- [Work required]: Word for word, retype the lines from the one containing "Sharjeel Khan and" to the one containing "Ассасин где гребень." below, keeping both end lines and dropping the pictures.
··· Source material ···
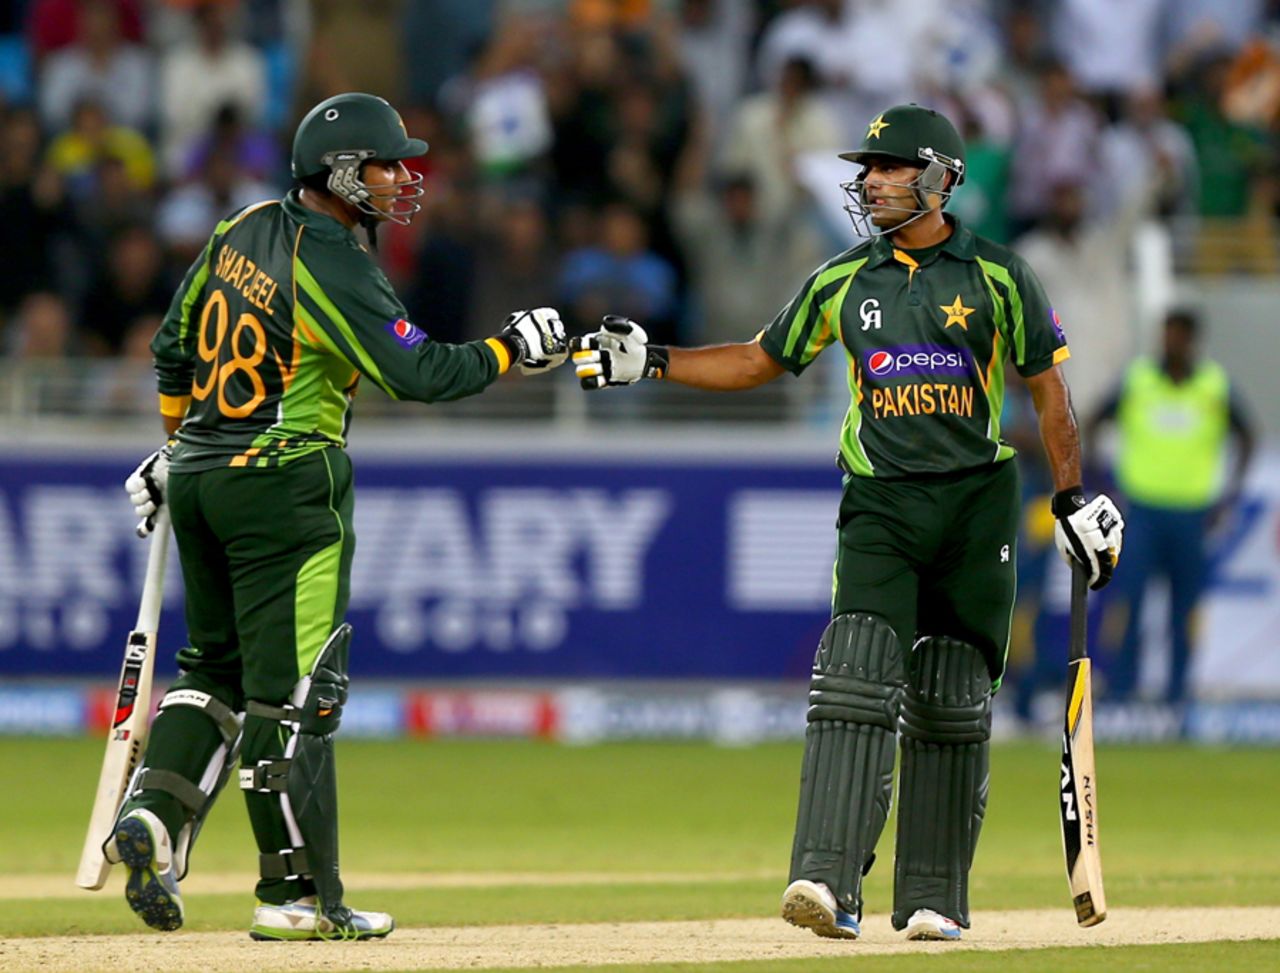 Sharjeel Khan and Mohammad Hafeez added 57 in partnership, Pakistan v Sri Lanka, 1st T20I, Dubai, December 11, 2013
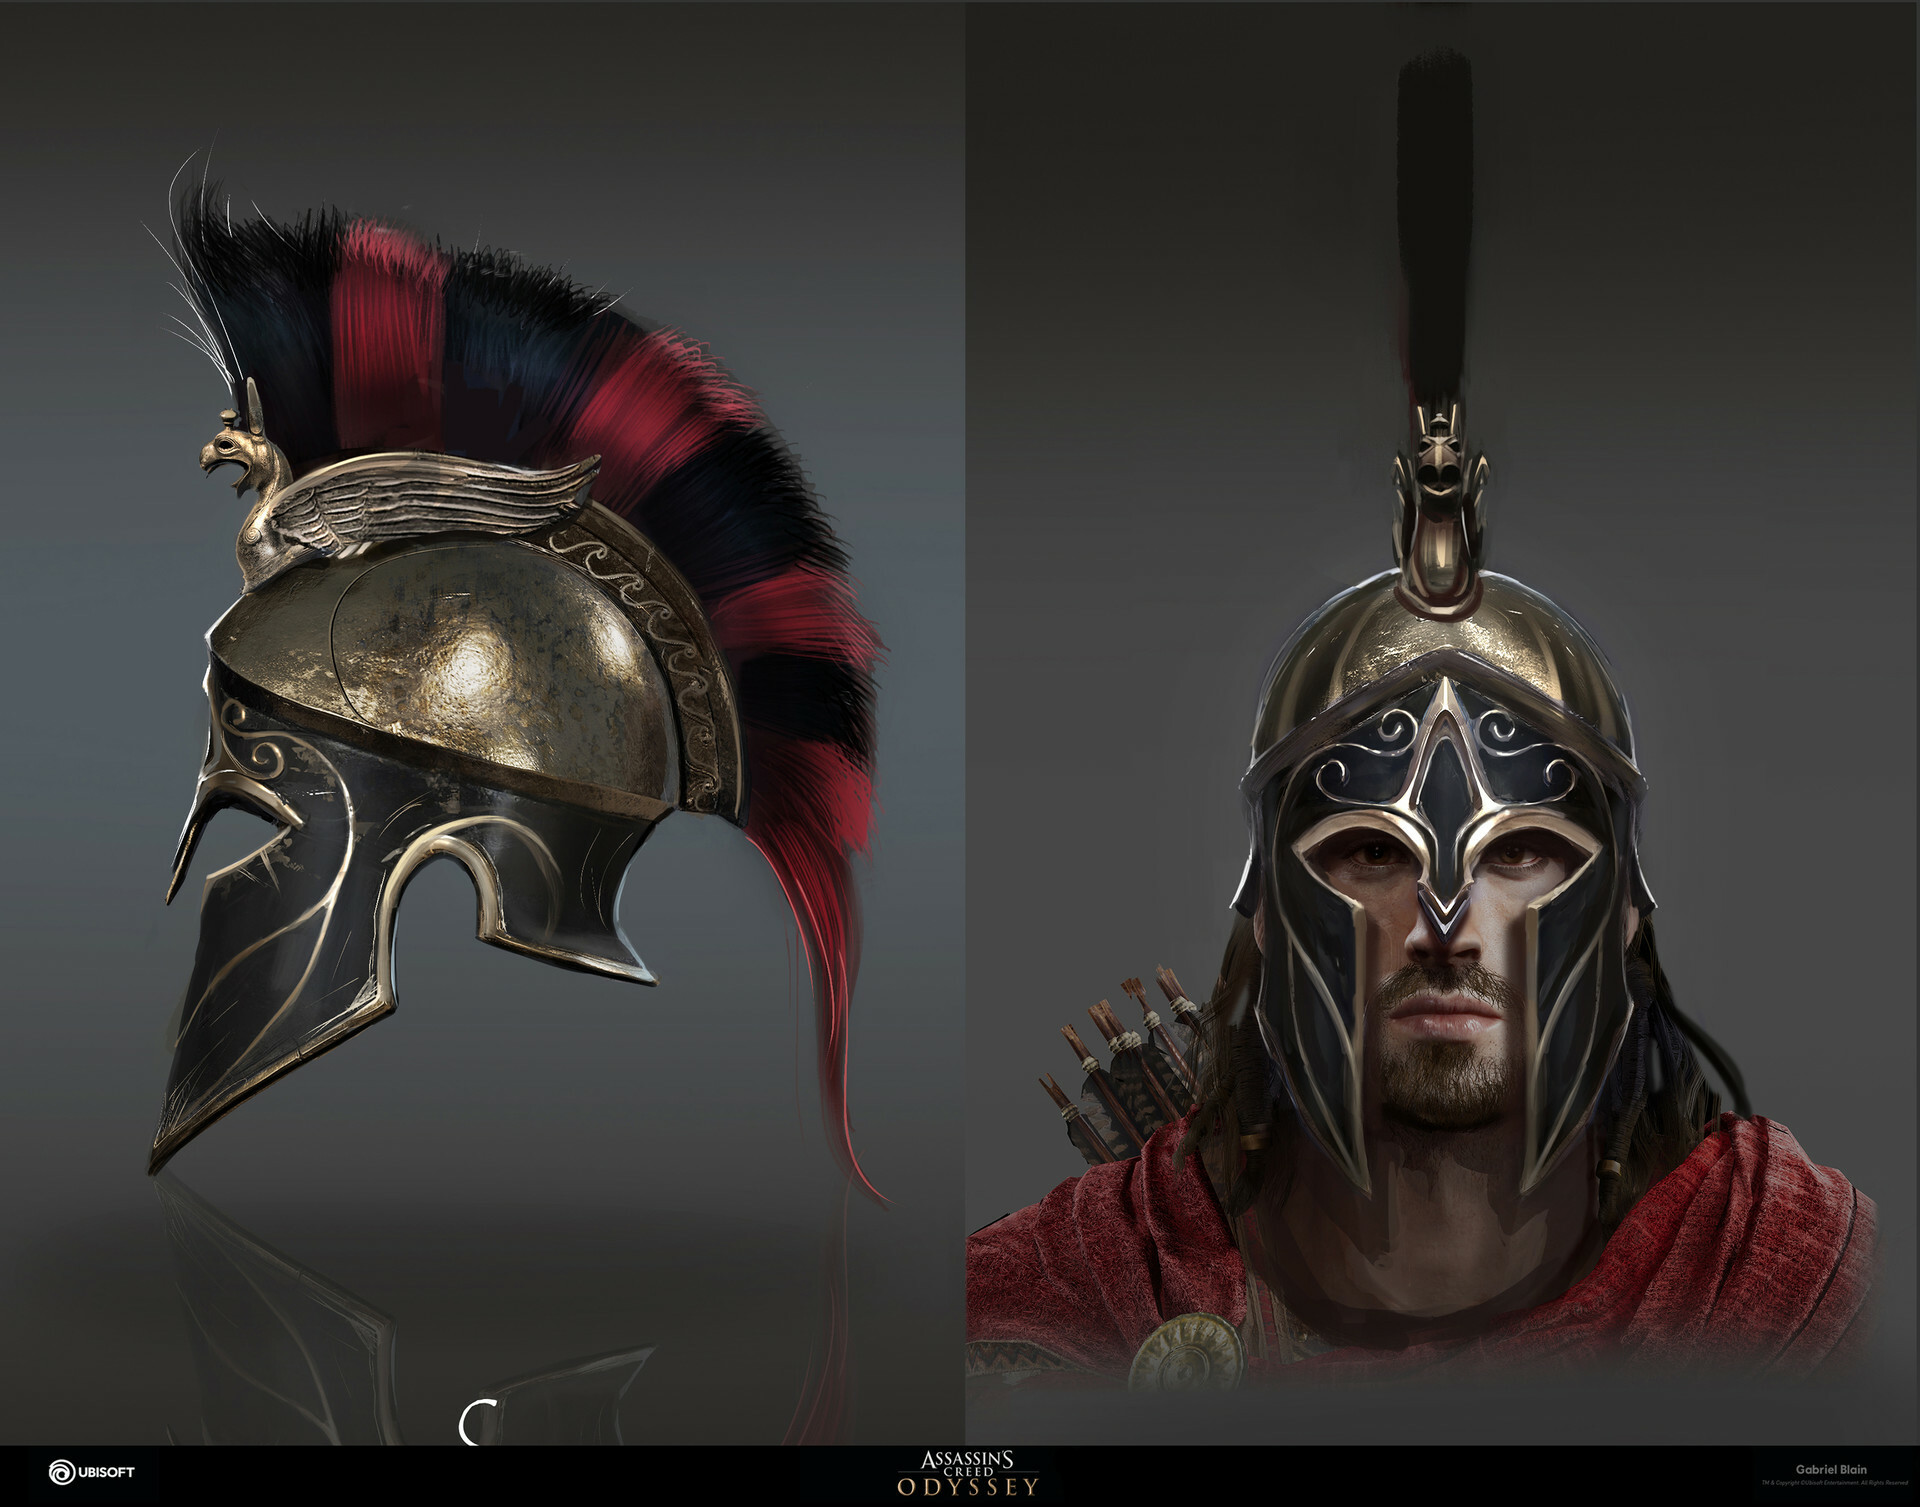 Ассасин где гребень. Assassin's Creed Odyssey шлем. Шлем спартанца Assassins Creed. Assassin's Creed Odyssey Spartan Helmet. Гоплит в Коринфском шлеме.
···
··· Source material ···
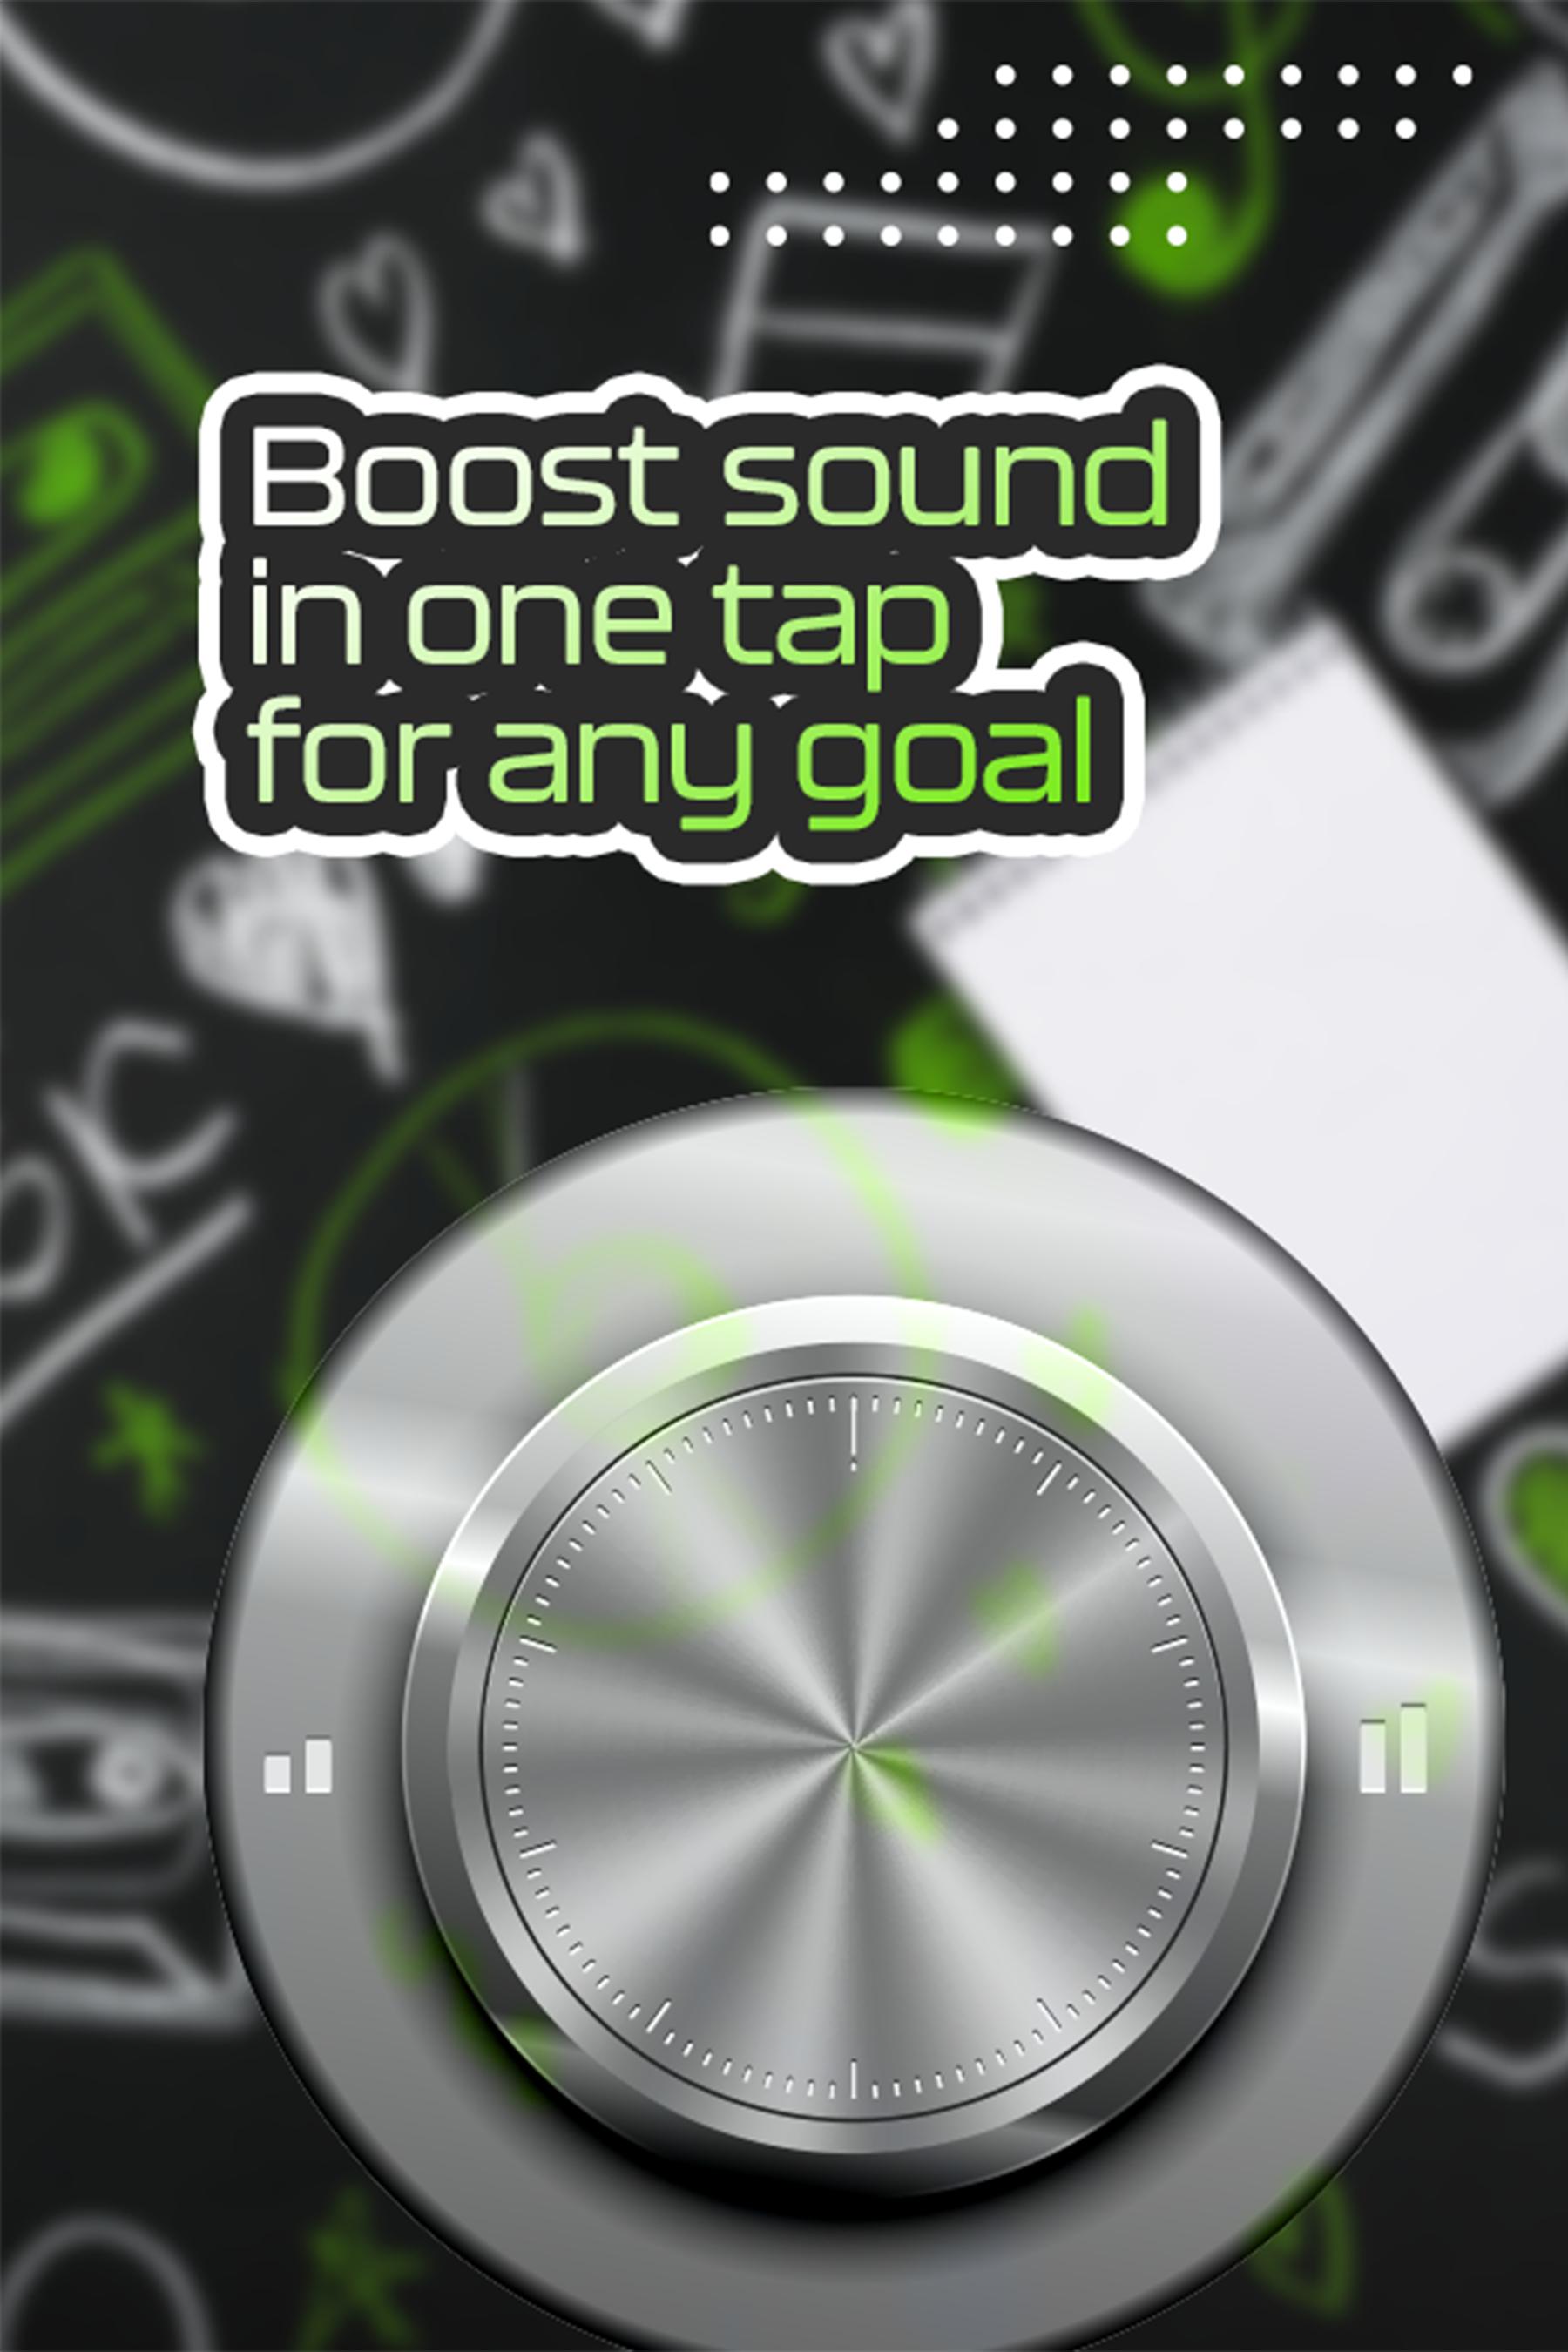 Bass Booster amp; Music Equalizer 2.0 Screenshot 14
···
- [Response for this exercise]:
 Sharjeel Khan and Mohammad Hafeez added 57 in partnership, Pakistan v Sri Lanka, 1st T20I, Dubai, December 11, 2013
 Ассасин где гребень. Assassin's Creed Odyssey шлем. Шлем спартанца Assassins Creed. Assassin's Creed Odyssey Spartan Helmet. Гоплит в Коринфском шлеме.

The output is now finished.